An input file in mtree(5) format can be used to create an output archive with arbitrary ownership, permissions, or names that differ from existing data on disk:
$ cat input.mtree
usr/bin uid=0 gid=0 mode=0755 type=dir
usr/bin/ls uid=0 gid=0 mode=0755 type=file content=myls
$ tar -cvf output.tar @input.mtree
The -newer and -newer-mtime switches accept a variety of common date and time specifications, including "12 Mar 2005 7:14:29pm", "2005-03-12 19:14", "5 minutes ago", and "19:14 PST May 1".

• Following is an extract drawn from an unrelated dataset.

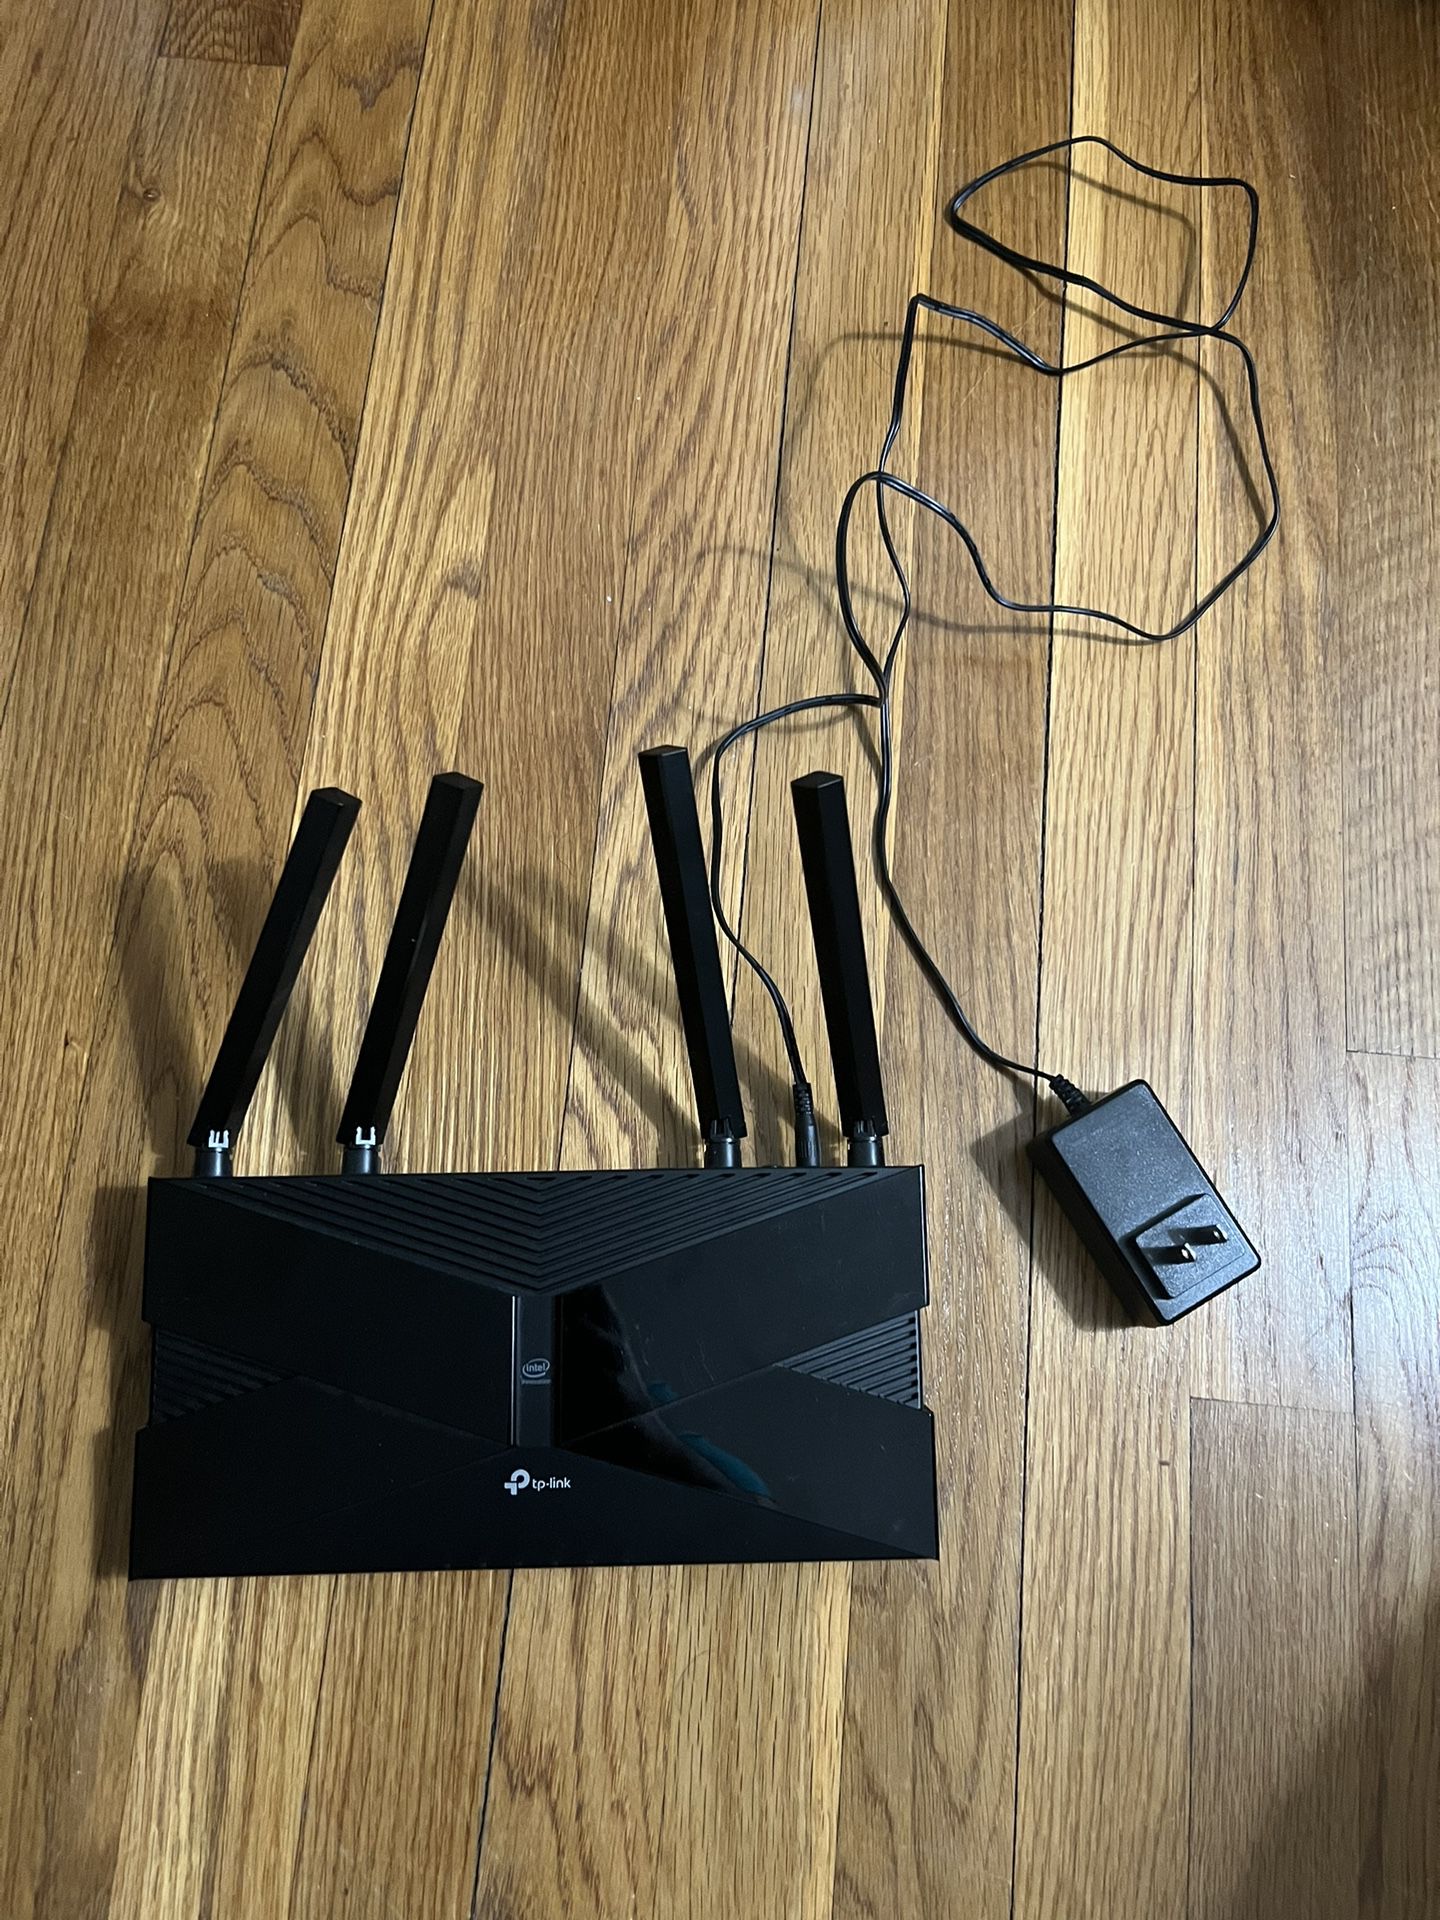 TP Link AX3000 Gigabit Router

The -options argument can be used to control various details of archive generation or reading. For example, you can generate mtree output which only contains type, time, and uid keywords:
-cf file.tar-format=mtree -options=!all,type,time,uid dir
or you can set the compression level used by gzip or xz compression:
-czf file.tar-options=compression-level=9 .
The bundled-arguments format is supported for compatibility with historic implementations. It consists of an initial word (with no leading - character) in which each character indicates an option. Arguments follow as separate words. The order of the arguments must match the order of the corresponding characters in the bundled command word. For example,
tbf 32 file.tar
specifies three flags t, b, and f. The b and f flags both require arguments, so there must be two additional items on the command line. The 32 is the argument to the b flag, and file.tar is the argument to the f flag.
The mode options c, r, t, u, and x and the options b, f, l, m, o, v, and w comply with SUSv2.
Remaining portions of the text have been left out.